Speckle-tracking echocardiography (STE) is an attractive tool for use in the assessment of ventricular function in single ventricle physiology due to its angle independence, geometry independence, and reproducibility.9, 10 It has been shown to be more sensitive in detecting changes in ventricular function in children and adults with heart disease than more conventional measures, such as ejection fraction.11-13 However, no studies investigating the clinical usefulness of STE in predicting post-TCPC outcomes in single ventricle patients have been performed. The aims of this study were to: 1) investigate the association between pre-operative measures of myocardial deformation and post-operative length of stay (LOS) after TCPC and 2) determine if these STE measures of ventricular function improve risk stratification prior to TCPC over conventional risk factors obtained during invasive cardiac catheterization.
Methods
This was a retrospective analysis of patients with single ventricle physiology who underwent TCPC at the Medical University of South Carolina from 2007-2014. In order to standardize echocardiographic analysis, patients without a clearly dominant ventricle were excluded. Pre-operative catheterization data were abstracted from the patient record. Perioperative data included those variables which were reported to the Society of Thoracic Surgeon's database (all variables listed in Table 1). The primary outcome was post-operative LOS > 14 days which represented the top quartile.
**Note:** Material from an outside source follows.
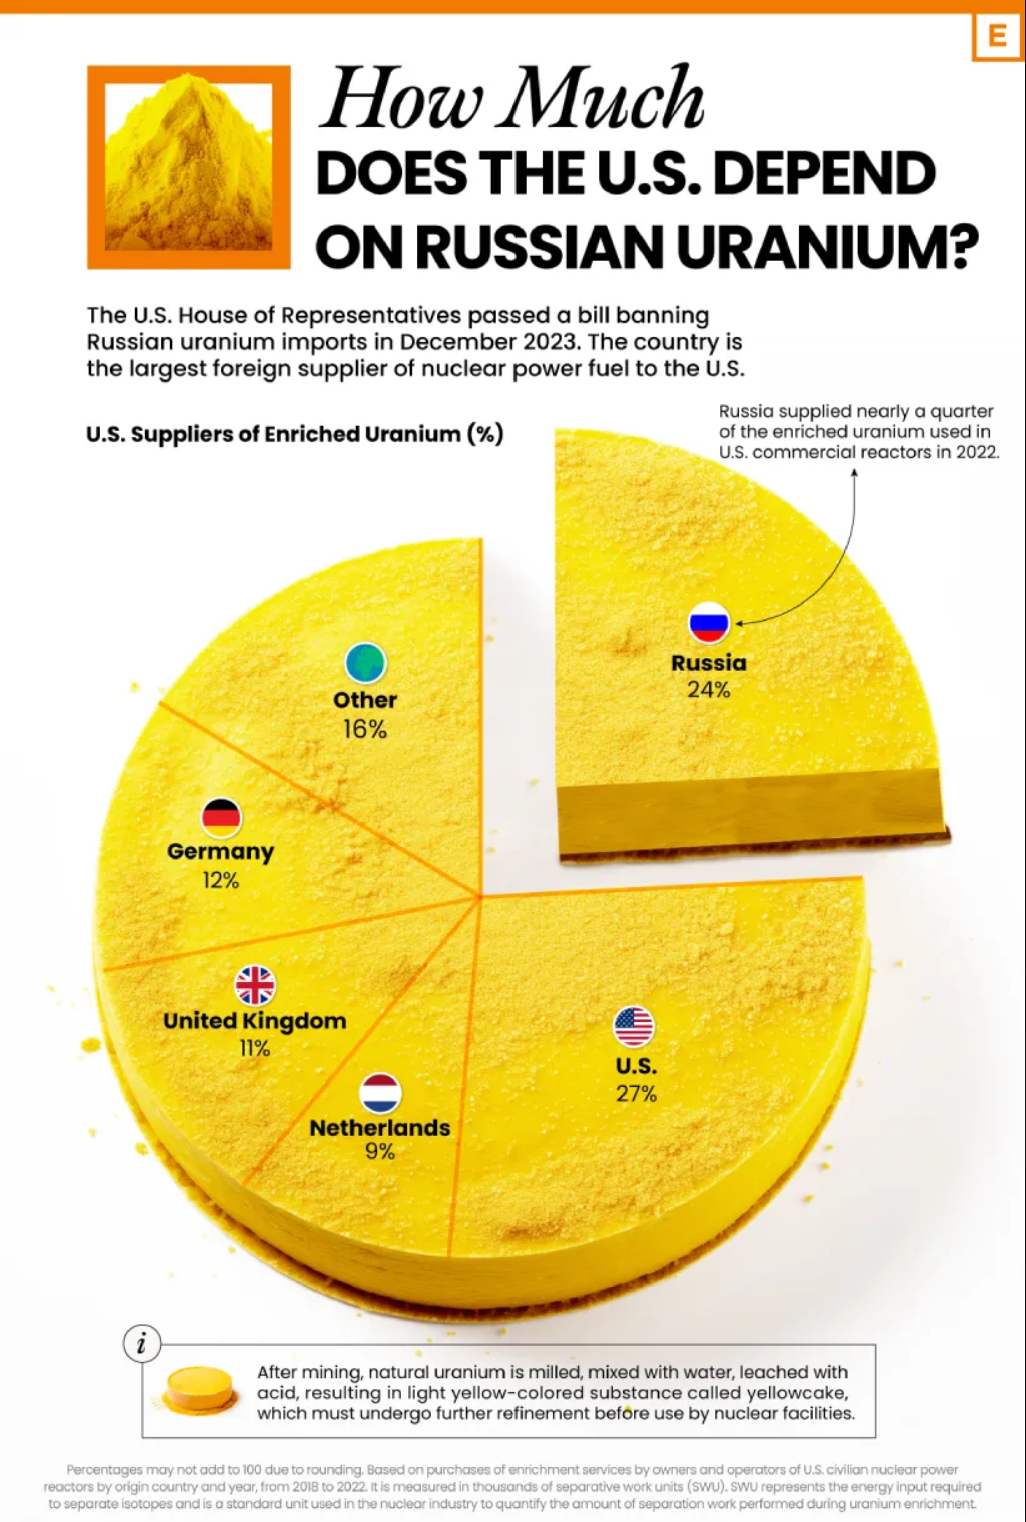 آمریکا چقدر به اورانیوم روسیه وابسته است؟
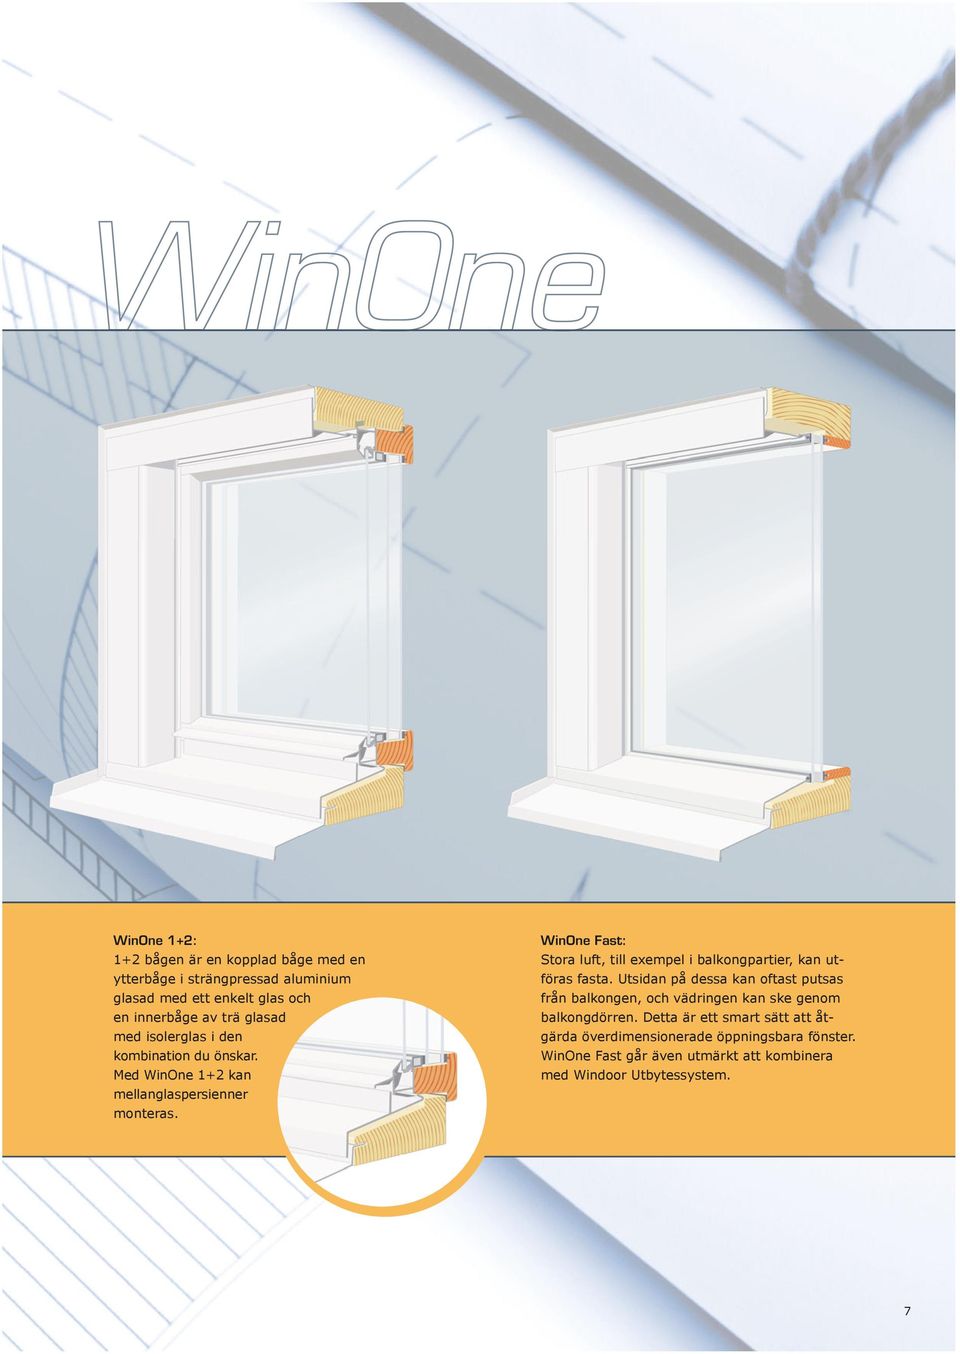 WinOne Fast: Stora luft, till exempel i balkongpartier, kan utföras fasta.

This study was reviewed and approved by the Medical University of South Carolina's Institutional Review Board.
Table 1.
Demographic, echocardiographic, catheterization, and perioperative data in single ventricle patients with length of stay ≤ 14 days vs. > 14 days
| LOS ≤ 14 days (n = 102) | LOS > 14 days (n = 33) | p-value | |
|---|---|---|---|
| Age (years) | 4.0 (3.2, 4.6) | 4.5 (3.6, 5.7) | 0.08 |
| Male, n (%) | 56 (55%) | 21 (63%) | 0.51 |
| Height (cm) | 98 (94, 103) | 101 (94, 110) | 0.23 |
| Weight (kg) | 15.0 (14.1, 16.2) | 15.2 (13.5, 16.8) | 0.98 |
| SBP (mm Hg) | 89 ± 13 | 82 ± 10 | 0.01 |
| DBP (mm Hg) | 45 (40, 50) | 42 (40, 47) | 0.49 |
| CPB time (minutes) | 109 (91, 142) | 118 (96, 151) | 0.61 |
| End diastolic pressure (mm Hg) | 7 (6, 9) | 8 (7, 9) | 0.03 |
| Transpulmonary gradient (mm Hg) | 4 (3, 5) | 4 (4, 6) | 0.41 |
| Rp (Wood units) | 1.6 (1.2, 2.0) | 2.0 (1.4, 2.3) | 0.07 |
| A-V O2 saturation difference (%) | 17 (14, 20) | 17 (15, 21) | 0.49 |
| Right ventricular dominance, n (%) | 60 (59%) | 23 (70%) | 0.28 |
| Presence of aorto-pulmonary collaterals, n (%) | 0.80 | ||
| None | 22 (21%) | 5 (15%) | |
| Small | 66 (65%) | 23 (70%) | |
| Large, coiled | 14 (14%) | 5 (15%) | |
| Atrioventricular valve regurgitation grade, n (%) | 0.04 | ||
| None - Trivial | 18 (17%) | 1 (3%) | |
| Mild | 75 (74%) | 25 (76%) | |
| Moderate | 8 (8%) | 6 (18%) | |
| Severe | 1 (1%) | 1 (3%) | |
| Fractional area change (%) | 24.1 (18.4, 31.1) | 22.1 (14.6, 29.4) | 0.28 |
| SAPSE (cm) | 0.60 (0.40, 0.80) | 0.60 (0.43, 0.78) | 0.89 |
| Ejection Fraction (%) | 43.4 ± 7.7 | 41.1 ± 10.6 | 0.18 |
| Longitudinal strain (%) | −15.4 ± 3.2 | −14.7 ± 4.4 | 0.97 |
| Longitudinal strain rate (s−1) | −1.08 (−1.24, −0.90) | −1.07 (−1.30, −0.75) | 0.78 |
| Longitudinal EDSR (s−1) | 1.21 (1.01, 1.45) | 1.17 (0.89, 1.49) | 0.50 |
| Circumferential strain (%) | −13.8 (−16.3, −11.4) | −11.9 (−14.7, −9.8) | 0.04 |
| Circumferential strain rate (s−1) | −1.05 (−1.27, −0.89) | −0.97 (−1.14, −0.61) | 0.02 |
| Circumferential EDSR (s−1) | 1.06 (0.84, 1.29) | 0.72 (0.65, 1.21) | 0.05 |
Results reported as mean ± standard deviation or median (interquartile range). A-V = arteriovenous, CBP = cardiopulmonary bypass, DBP = diastolic blood pressure, EDSR = early diastolic strain rate, LOS = length of stay, Rp = pulmonary vascular resistance, SAPSE = single ventricle atrioventricular valve systolic plane excursion, SBP = systolic blood pressure.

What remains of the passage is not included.